Iran bukan hanya berbicara—mereka bertindak. IAEA melaporkan mereka mengoperasikan 5.000 sentrifugal canggih, jauh lebih efisien dari era JCPOA. Militer mereka menggelar latihan besar, seperti dicatat pengguna X terverifikasi seperti @IranObserver, meski belum dikonfirmasi resmi. Anggaran militer Iran naik 20% sejak 2018, menurut SIPRI, tanda bahwa diplomasi bukan satu-satunya taruhan. Di Oman, mereka menawarkan pengurangan pengayaan, tapi dengan syarat: tidak ada kesepakatan tanpa kepastian. Ini bukan kelemahan, melainkan pelajaran dari luka yang masih berdarah. Dapatkah dunia mengharapkan Iran melupakan pengkhianatan AS begitu saja?
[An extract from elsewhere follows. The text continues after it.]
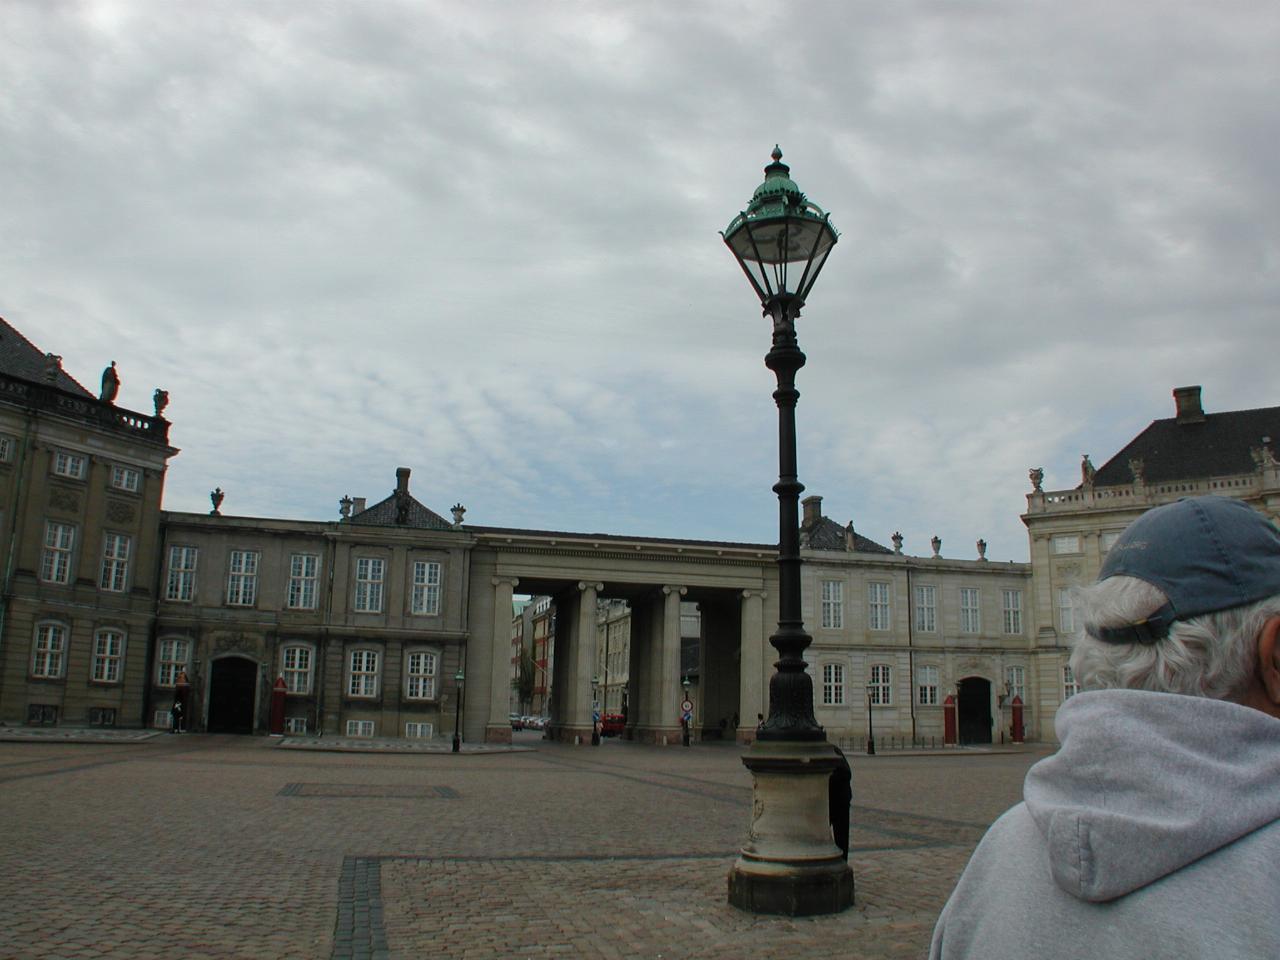 KPLU Viking Jazz: Amelienborg Plads (Plaza): Christian IX's Palace (panorama 4/4)

Pembicaraan di Muscat belum membuahkan terobosan. Al-Jazeera melaporkan rencana pertemuan lanjutan, tapi perbedaan tetap lebar: Iran menolak tuntutan non-nuklir, AS enggan menjamin komitmen. Ini mengulang pola JCPOA—harapan yang runtuh oleh ketidakpercayaan. Bagi Iran, setiap kata di meja perundingan adalah langkah di medan ranjau. Mereka berjalan dengan hati-hati, karena sejarah berbisik: janji AS sering lenyap seperti fatamorgana. Dunia menonton, tapi Teheran tahu bahwa diplomasi adalah seni bertahan hidup, bukan sekadar seni berbicara.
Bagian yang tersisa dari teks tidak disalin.